[Data block — start]
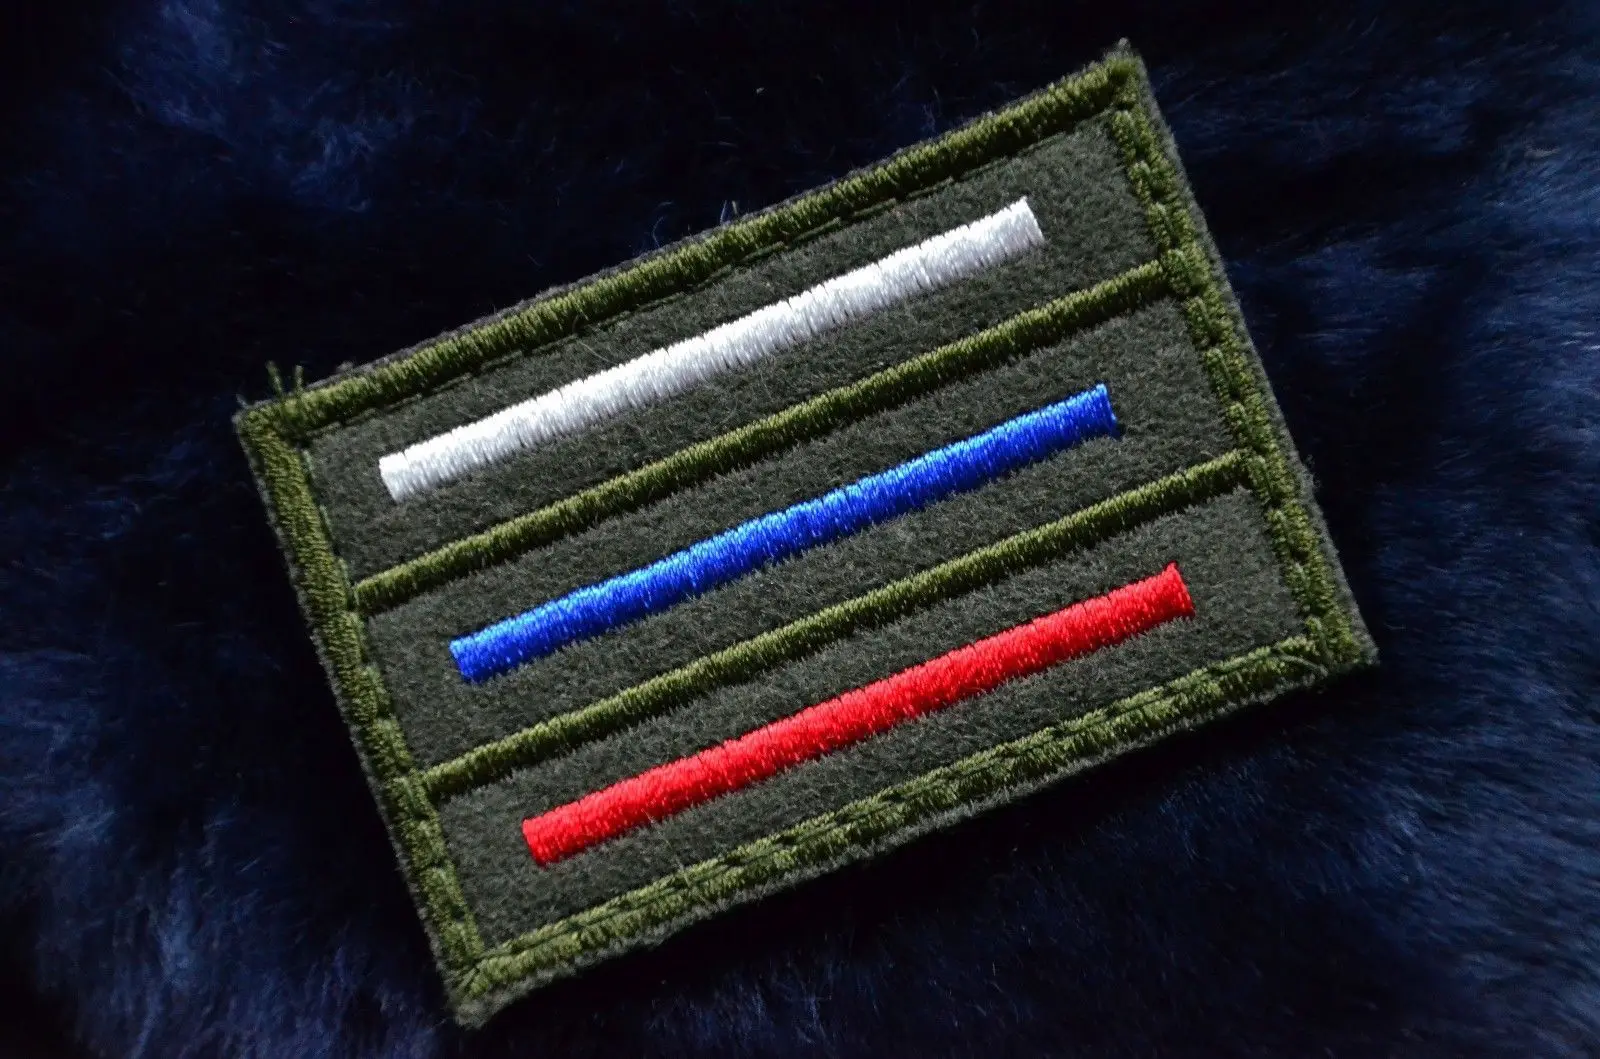 Русская KGB Fusibo FSB pocnr 3D военная армия тактический боевой вышивка заплатка для одежды эмблема Аппликации, бейджи - Цвет: 6
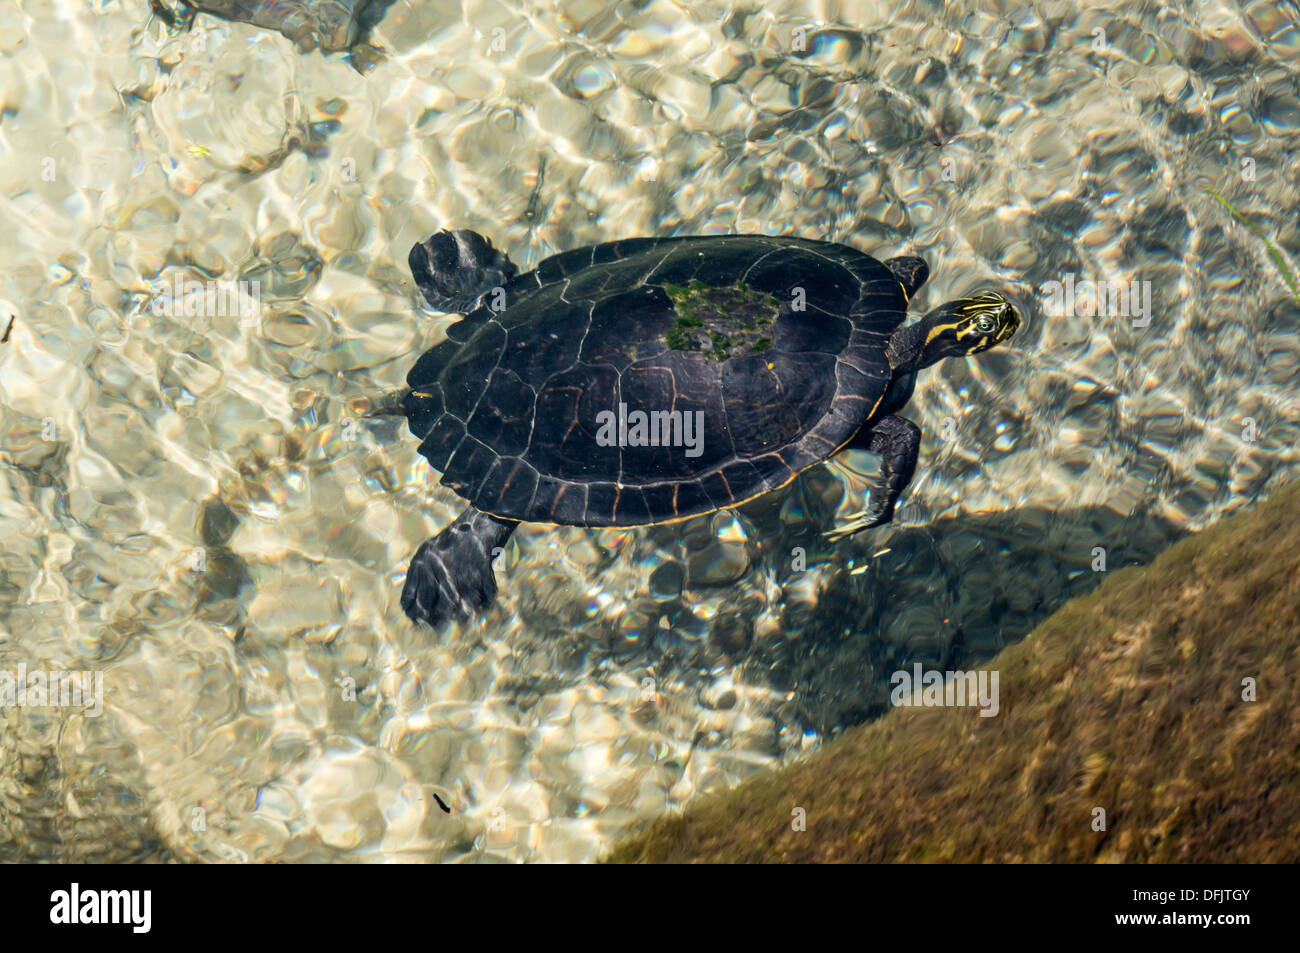 Llanura Costera cooter (Pseudemys concinna floridana) o Florida cooter, especies de grandes herbívoros de tortugas de agua dulce de la natación. Foto de stock
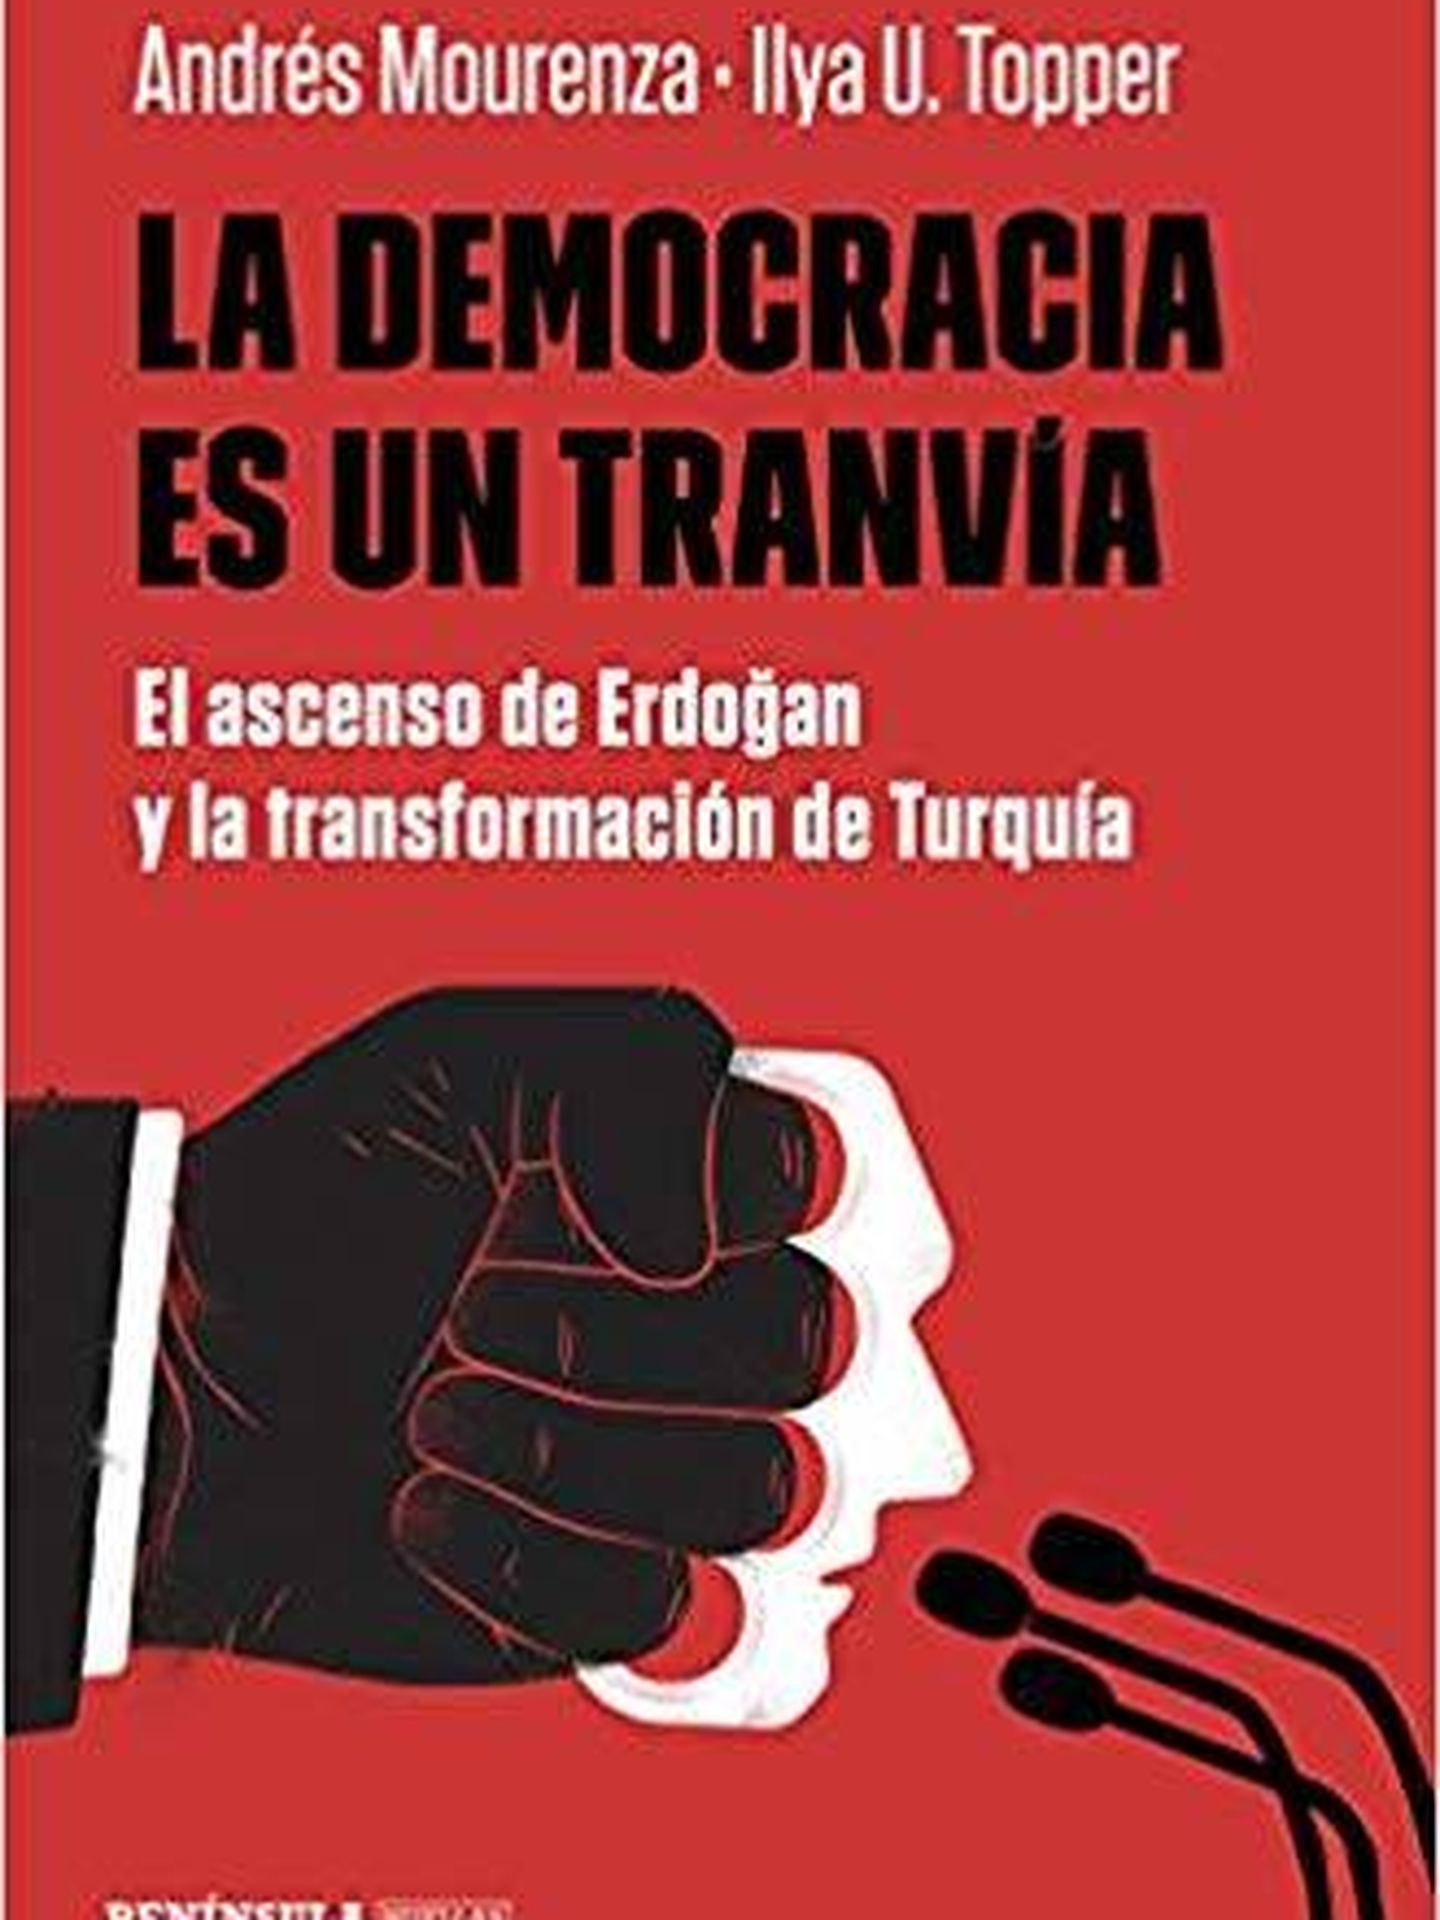 La democracia es un tranvía, por Ilya U. Topper y Andrés Mourenza. (Ed: Península)
[Data block — finish]
__Task statement__. What is needed is an exact reproduction of the data, pictures excluded.

__Written solution__.
 Русская KGB Fusibo FSB pocnr 3D военная армия тактический боевой вышивка заплатка для одежды эмблема Аппликации, бейджи - Цвет: 6
 Llanura Costera cooter (Pseudemys concinna floridana) o Florida cooter, especies de grandes herbívoros de tortugas de agua dulce de la natación. Foto de stock
 La democracia es un tranvía, por Ilya U. Topper y Andrés Mourenza. (Ed: Península)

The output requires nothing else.